Background information
- Born: July 8, 1930 Detroit, Michigan, U.S.
- Died: September 18, 1992 (aged 62) Detroit, Michigan, U.S.
- Genres: R&B; soul;
- Occupation: Musician
- Instrument: Keyboards
- Formerly of: The Funk Brothers

= Earl Van Dyke =

American keyboardist (1930–1992)

Earl Van Dyke (July 8, 1930 – September 18, 1992) was an American soul musician, most notable as the main keyboardist for Motown Records' in-house Funk Brothers band during the late 1960s and early 1970s.

==Career==
Van Dyke, who was born in Detroit, Michigan, United States, was preceded as keyboardist and bandleader of the Funk Brothers by Joe Hunter. In the early 1960s, he also recorded as a jazz organist with saxophonists Fred Jackson and Ike Quebec for the Blue Note label.

Besides his work as the session keyboardist on Motown hits such as "Bernadette" by the Four Tops, "I Heard It Through the Grapevine" by Marvin Gaye, "Where Did Our Love Go" by the Supremes, "Ain't Too Proud to Beg" and "Runaway Child, Running Wild" by the Temptations, "My Guy" by Mary Wells and "For Once in My Life" by Stevie Wonder, Van Dyke performed with a small band as an opening act for several Motown artists, and released instrumental singles and albums himself.
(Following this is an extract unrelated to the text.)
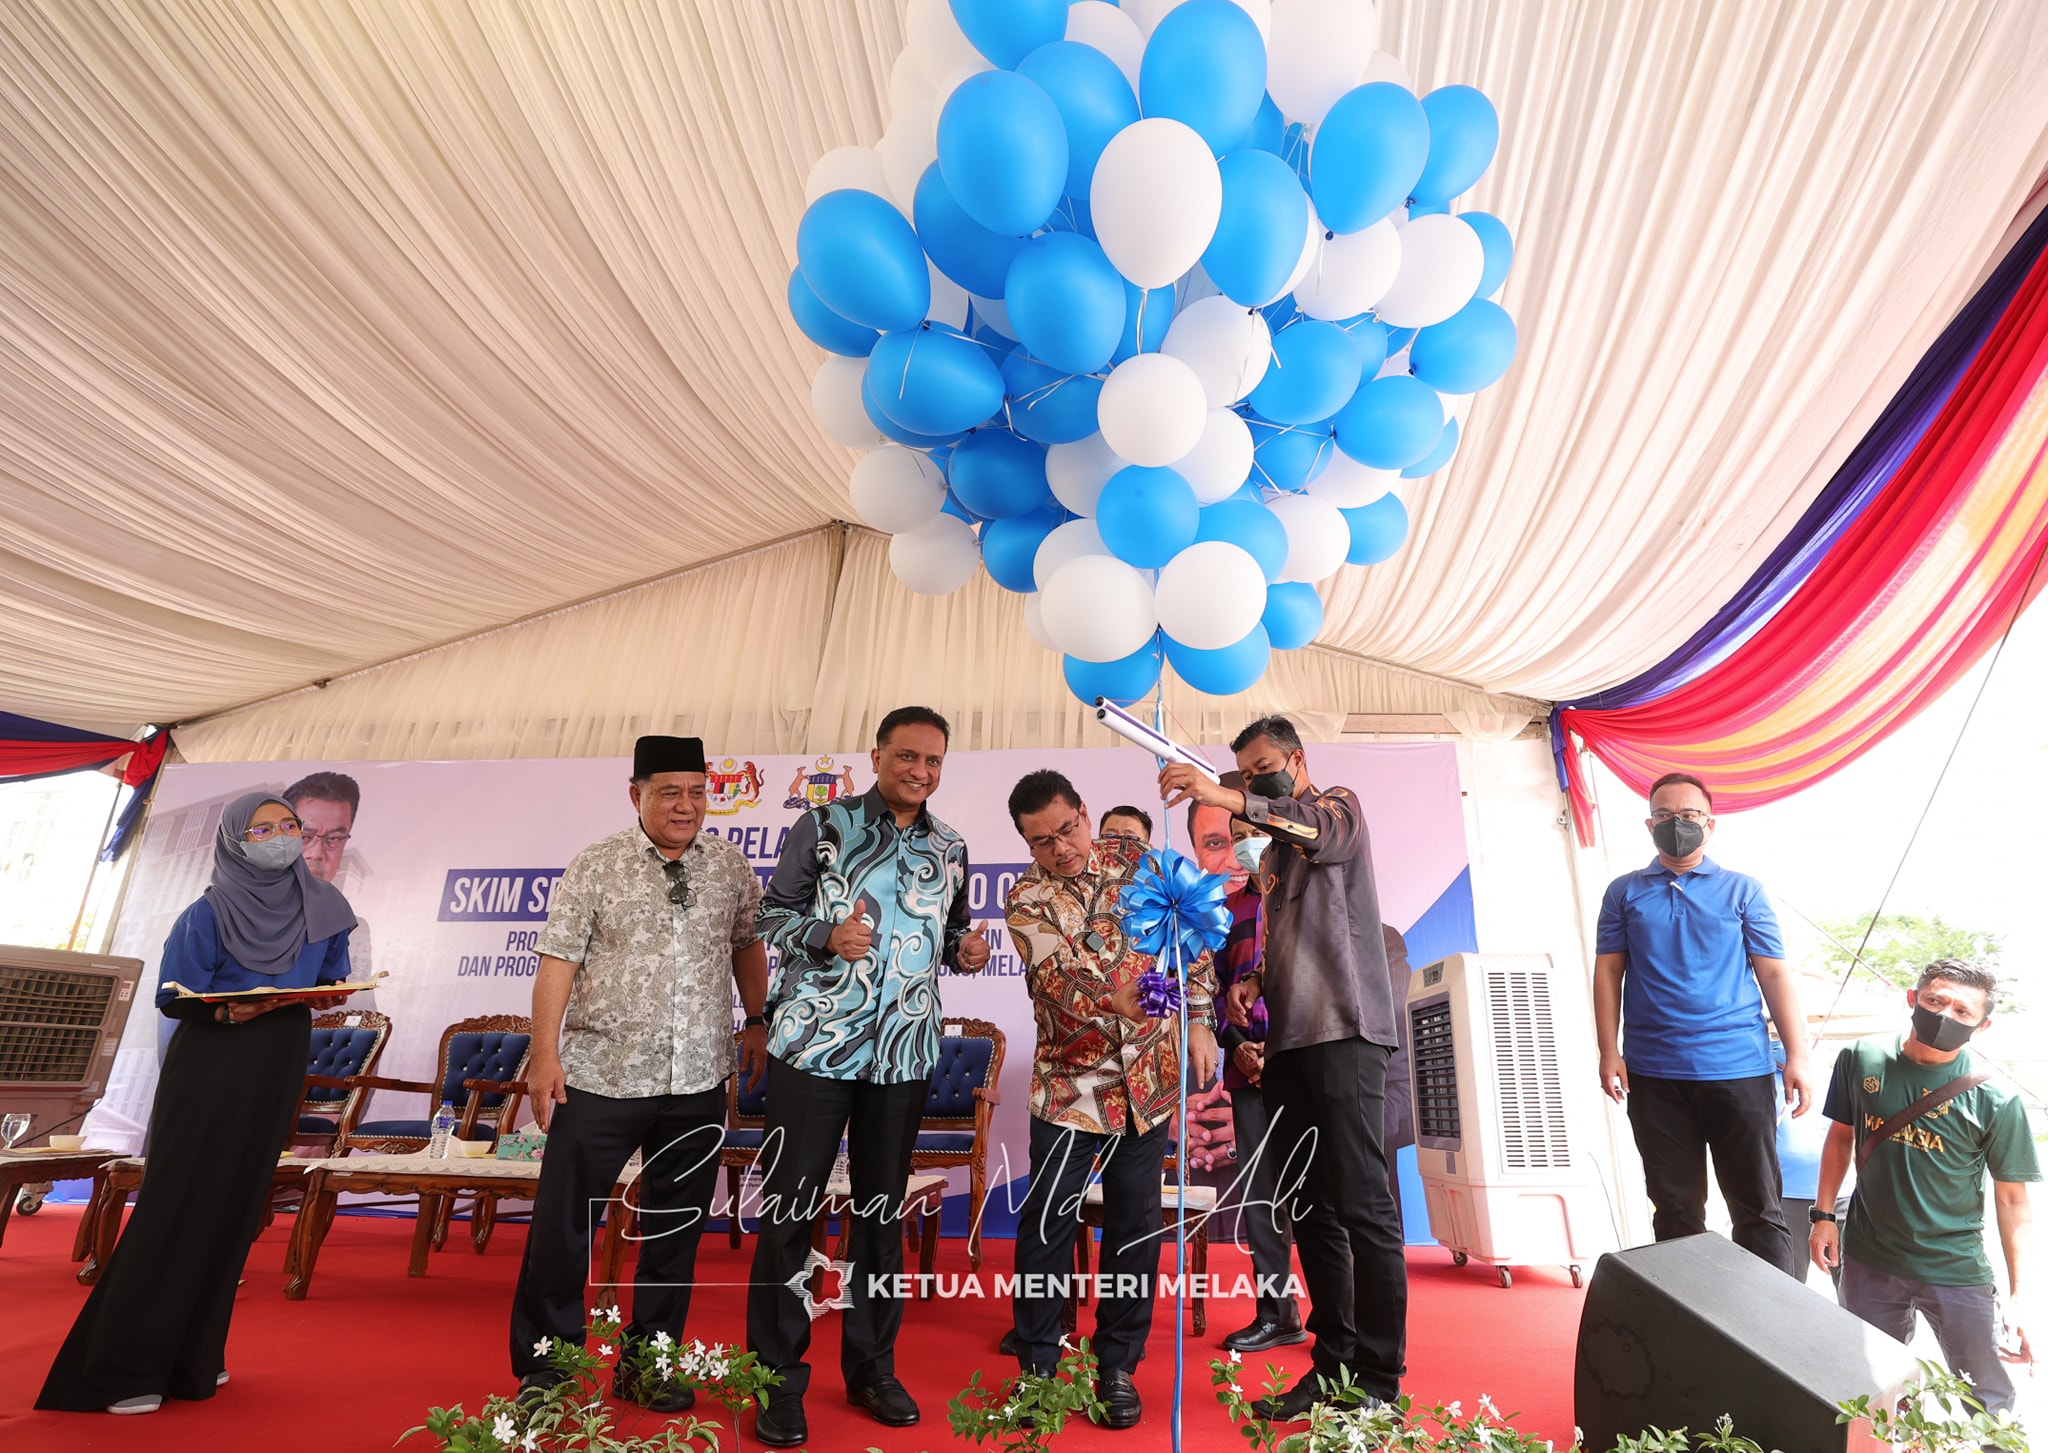 Majlis Pelancaran Skim Sewa Untuk Dimiliki (Rent To Own – RTO) telah disempurnakan oleh YAB Datuk Seri Utama Hj. Sulaiman Bin Md. Ali, Ketua Menteri Melaka pada 28 Julai 2022 (Khamis) di PPR Tehel, Bemban, Jasin, Melaka.

Several of Van Dyke's recordings feature him playing keys over the original instrumental tracks for Motown hits; others are complete covers of Motown songs.

His 1967 hit "6 by 6" is popular on the Northern soul music scene. He was nicknamed "Big Funk", and "Chunk o Funk".
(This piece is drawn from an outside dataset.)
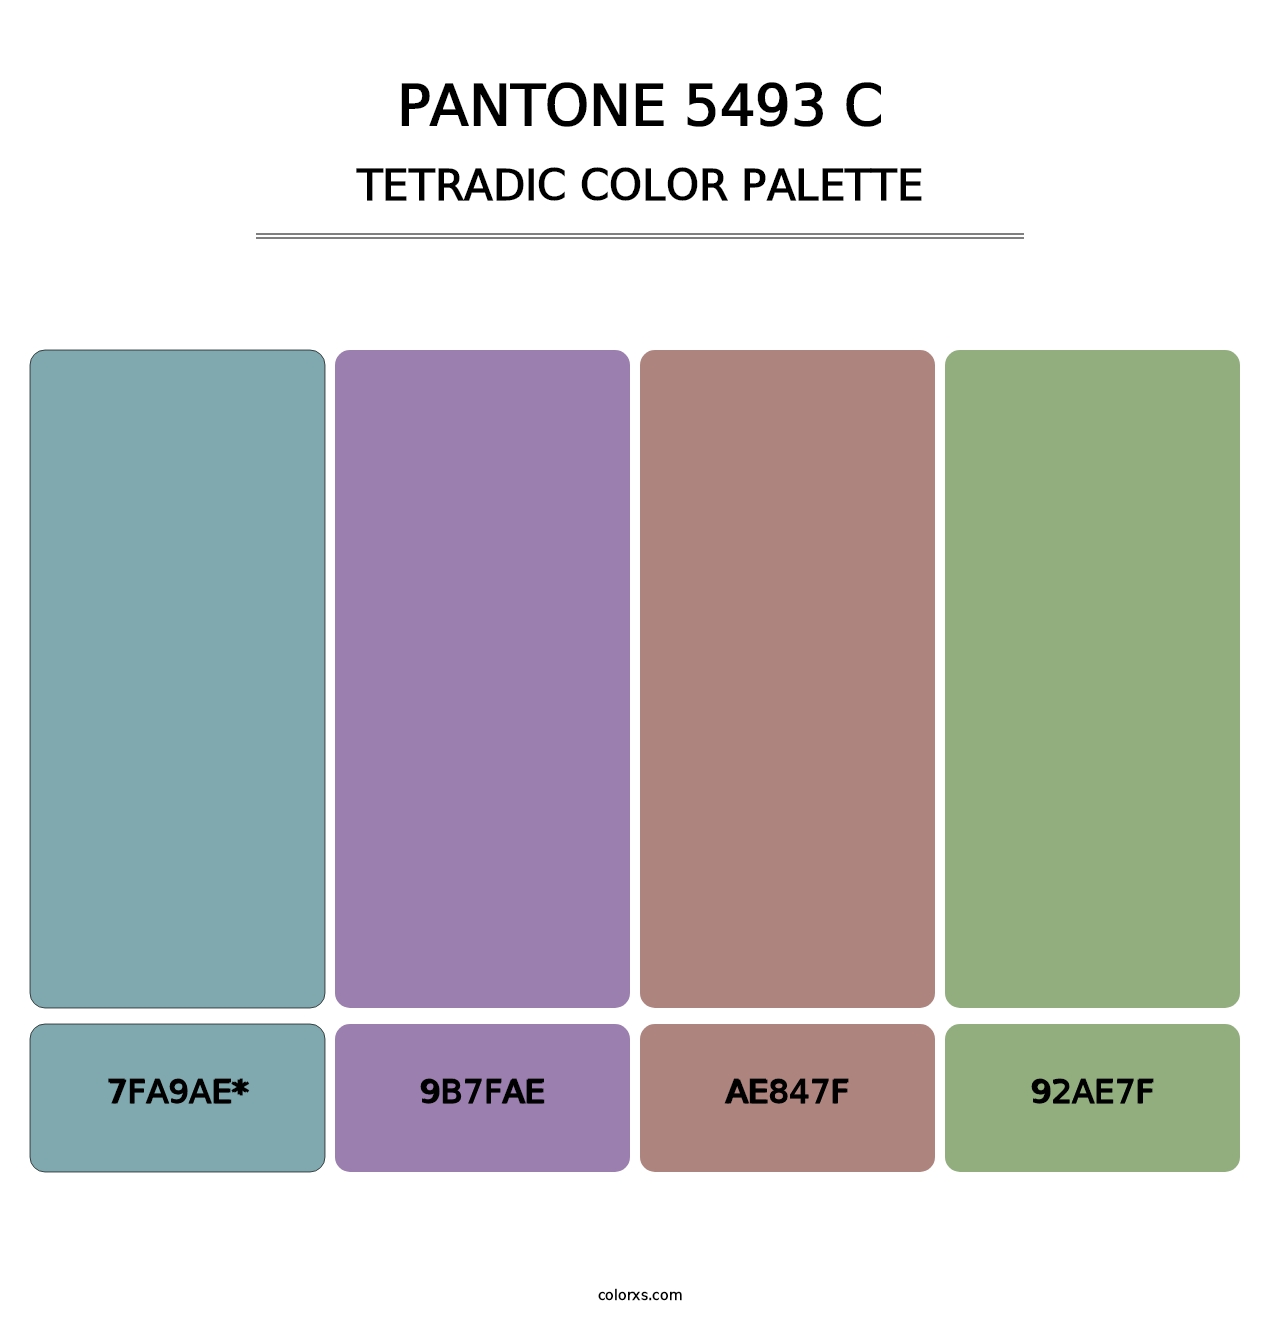 PANTONE 5493 C - Tetradic Color Palette

Van Dyke played the Steinway grand piano, the Hammond B-3 organ, the Wurlitzer electric piano, the Fender Rhodes, and the celeste and harpsichord. He played a toy piano for the introduction of the Temptations' hit, "It's Growing". His musical influences included Tommy Flanagan, Hank Jones, and Barry Harris.

Van Dyke died of prostate cancer in Detroit, Michigan, at the age of 62.

==Discography==
===Singles===
- Soul (Motown) releases
- 1964: "Soul Stomp"
- 1965: "All For You"*
- 1965: "I Can't Help Myself (Sugar Pie, Honey Bunch)"*
- 1965: "The Flick (Part II)"*
- 1967: "6 By 6"**
- 1969: "Run Away Child, Running Wild"

(*) billed as "Earl Van Dyke & the Soul Brothers" (the billed name of the Funk Brothers band was changed by Motown head Berry Gordy, as he disliked the connotation of the word "funk")

(**) billed as "Earl Van Dyke & the Motown Brass"

===Albums===
- Soul (Motown) releases
- 1965: That Motown Sound (Earl Van Dyke & the Soul Brothers)
- 1970: The Earl of Funk (Earl Van Dyke Live)

===As sideman===
With Fred Jackson
- Hootin' 'n Tootin' (Blue Note, 1962)
With Ike Quebec
- The Complete Blue Note 45 Sessions (Blue Note, 1962)
And on Motown recordings by The Undisputed Truth, The Temptations, The Supremes, David Ruffin, Jr. Walker and the All Stars, Yvonne Fair, Leslie Uggams, Bonnie Pointer.